Alienation and the inability to commiserate with human pain, particularly in the guise of political debate or in this case criticism of hitchhiking, is contemptible. On the other hand, so is the obsessive pursuit of alienation, the desire to control the behavior and feelings of the "other," and to beat his breast instead of him.
In Israel, Arabs and Haredim are used to those who seek to regiment or control their feelings, but they are not alone. Just as one can always find the yeshiva student who makes a barbecue in Jerusalem’s Sacher Park on the eve of Memorial Day, one can also find, if one looks, venomous comments directed against religious people on Facebook or in online comments.
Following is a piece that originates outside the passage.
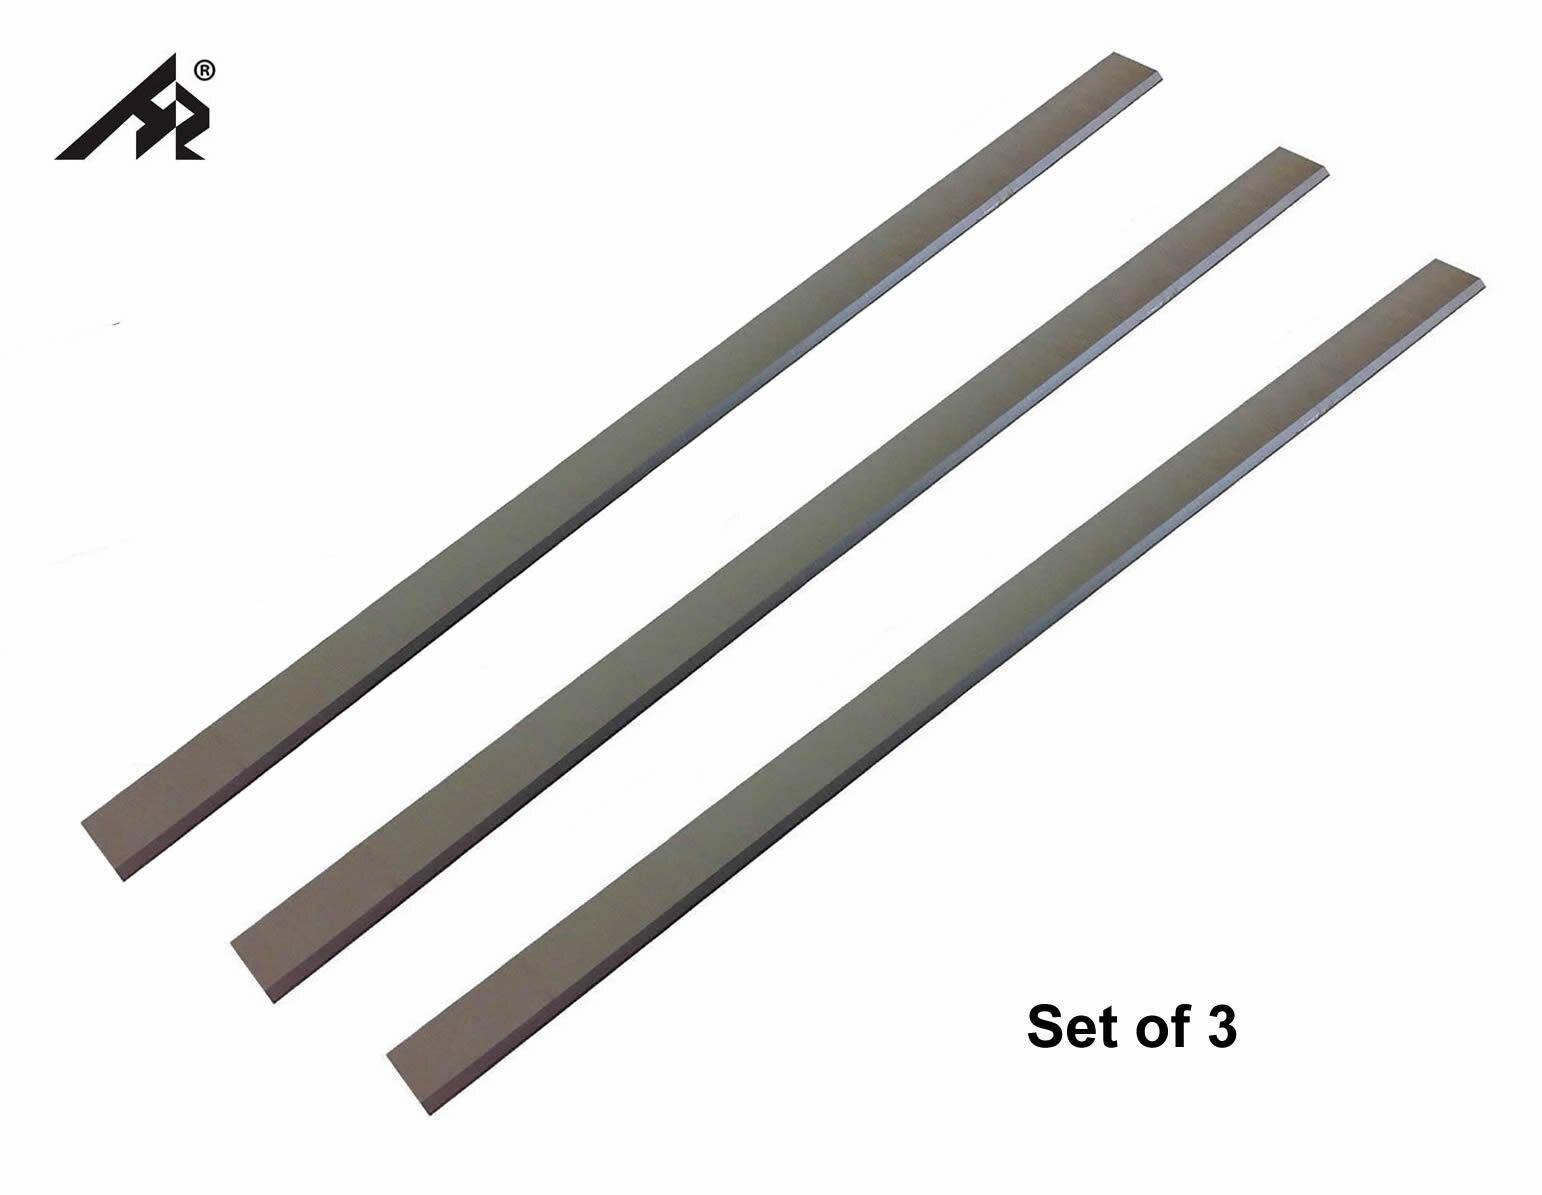 "HZ 13-1/16 ""HSS Jointer cepilladora cuchillas para Jet JPM-13 708366, Grizzly 13"" Delta-Juego de 3"

For the past two or three days, people have been getting worked up and wallowing in stereotypes of Tel Aviv as a disconnected city of gay pride parades and cafes, as if the cafes in Jerusalem were not full, as if no Tel Avivians were biting their nails to the quick, worrying over the missing youths.
These sorts of shallow ideas are easily adopted by many people, among them anyone who wishes to perpetuate the image of Tel Aviv as a wealthy, rowdy city, and that of Jerusalem as a poor and pious one – images that thrive in the minds of news editors who are unfamiliar with reality.
Rabbi Steinsaltz suggested to members of his community that they deal with the crisis by performing religious acts whose benefit “we may never know.” “Still we, the families, the friends and the teachers of the kidnapped boys are standing with 'idle hands' (Ecclesiastes 10:18.) All we have left now is to turn to our Father in Heaven and plead,” he wrote.
Some people do not believe in prayer. Others do. Some believe in a unifying gathering of solidarity in the city square, while others take no interest at all in the story of the kidnap victims. Perhaps, at this point in time, we might ask both groups to stop arguing.